The preparation of Guangdong Caulis Piperis Kadsurae polysaccharide sample: take by weighing Guangdong Caulis Piperis Kadsurae polysaccharide (as embodiment 1 preparation) 0.5g, be dissolved in the 0.01molL of 40mL -1PBS is made into 12.5mgmL -1Guangdong Caulis Piperis Kadsurae polysaccharide mother solution.Get 12.5mgmL -1Guangdong Caulis Piperis Kadsurae polysaccharide 100 μ L, add PBS to final volume 10mL, be mixed with high dose concentration 0.125mgmL -1Guangdong Caulis Piperis Kadsurae polysaccharide stock solution.Get 0.125mgmL -1Guangdong Caulis Piperis Kadsurae polysaccharide 2mL, add PBS to final volume 4mL, dose concentration 0.625mgmL in being mixed with -1Guangdong Caulis Piperis Kadsurae polysaccharide stock solution.Get 0.625mgmL -1Guangdong Caulis Piperis Kadsurae polysaccharide 2mL, add PBS to final volume 4mL, be mixed with low dosage concentration 0.3125mgmL -1Guangdong Caulis Piperis Kadsurae polysaccharide stock solution, filtration sterilization, 4 ℃ of preservations.

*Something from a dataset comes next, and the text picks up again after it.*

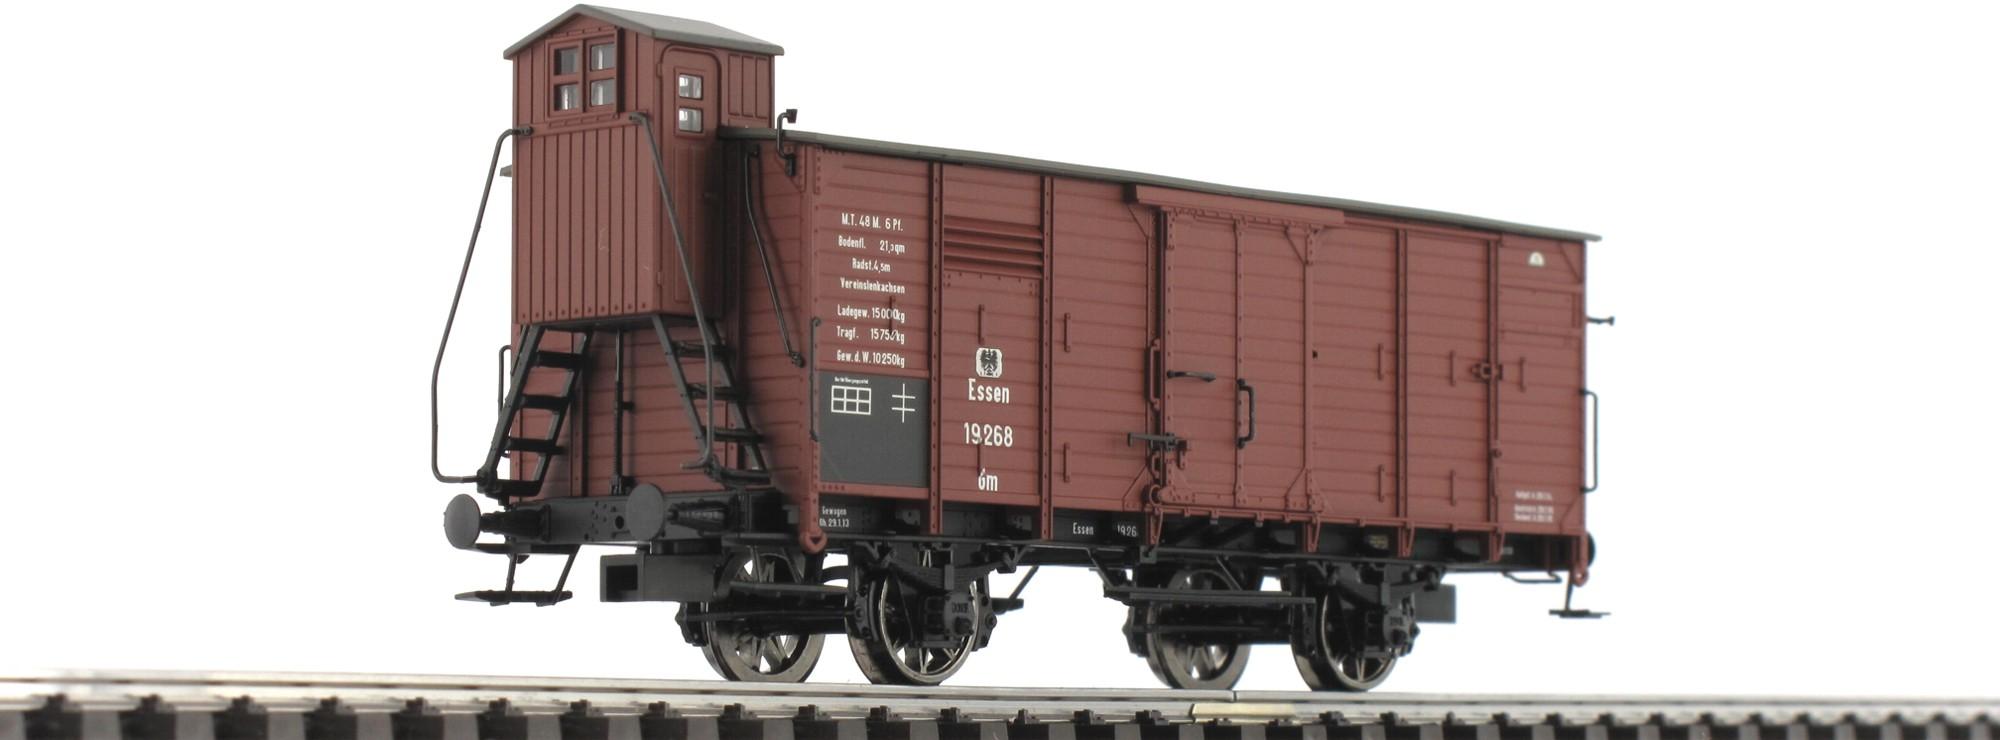 BRAWA H0 48285 Güterwagen G10 KaldeweI NEUWARE MESSEMODELL 2013
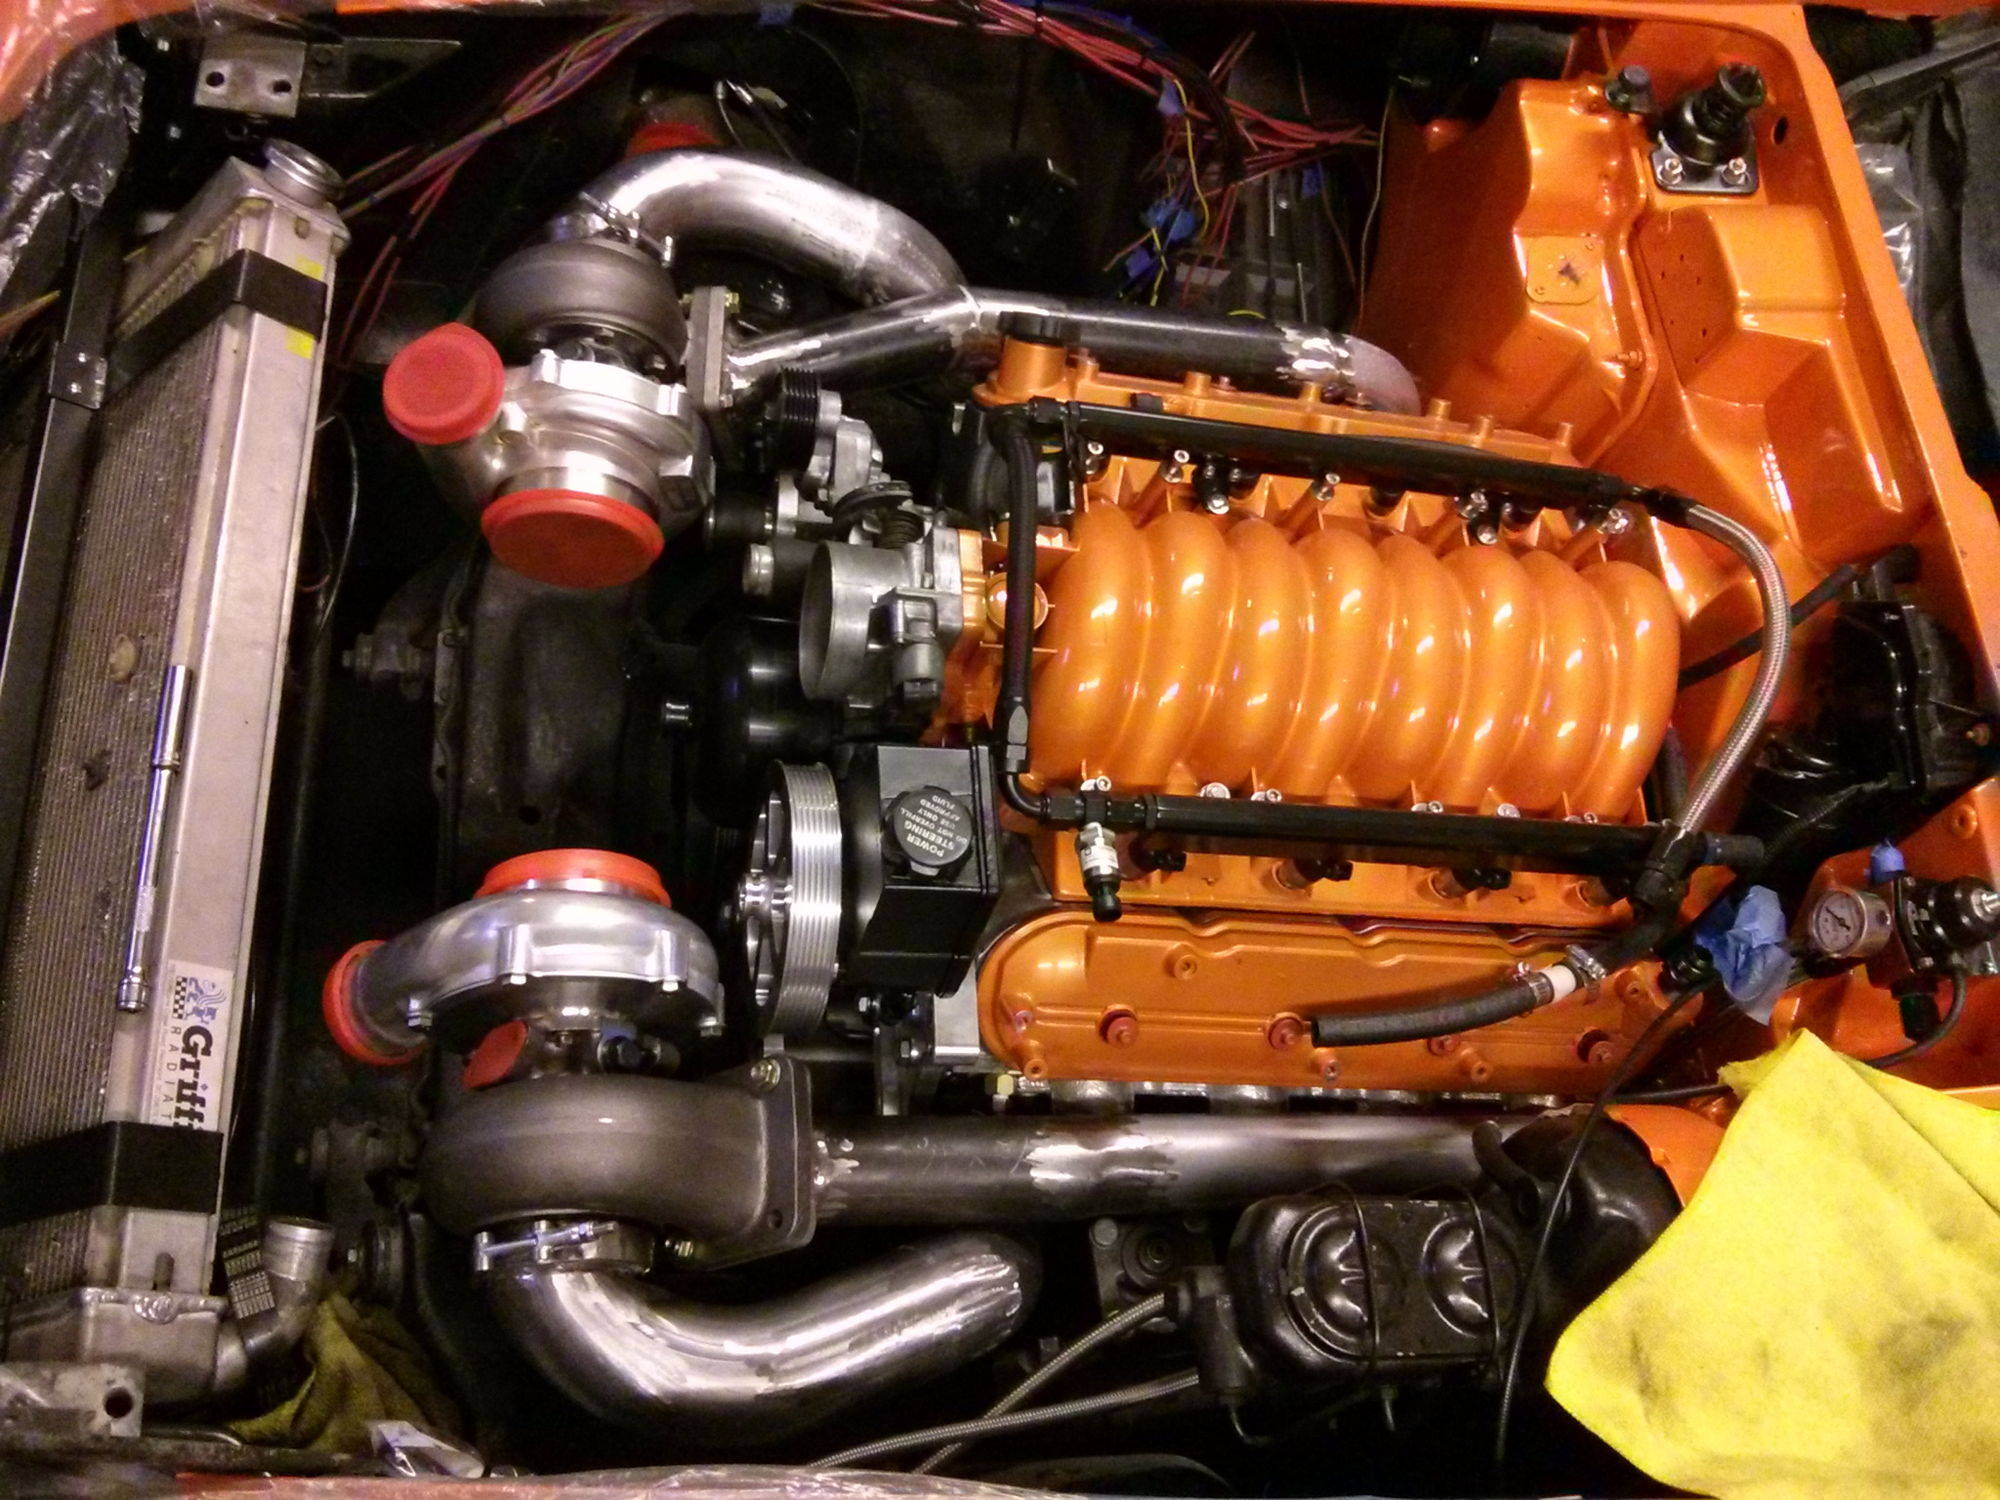 Twin Turbo C3 Vette Build In Progress Ls1tech Camaro

Cell culture and medication: the PC12 cell of the trophophase of taking the logarithm, be inoculated in 96 orifice plates, every porocyte is 8000 cells, every hole adds and contains 10% tire year DMEM culture fluid 200 μ L.Establish PBS matched group, A β respectively 1-42Group and A β 1-42Guangdong Caulis Piperis Kadsurae polysaccharide group (final concentration 0.3125,0.625,1.25 μ gmL -1), establish 8 multiple holes for every group.
MTT measures: after 24 hours, carry out MTT and measure after the administration.Every hole adds 5gL -1MTT solution 20 μ l.Continue to cultivate 4h.The sucking-off culture fluid adds DMSO200 μ L, mixing, and vibration 10min fully dissolves the black crystallization.Go up the 490nm wavelength in microplate reader (Biorad company 680 types) and survey A 490nmValue is with A 490nmReflection survivaling cell quantity and functional status thereof.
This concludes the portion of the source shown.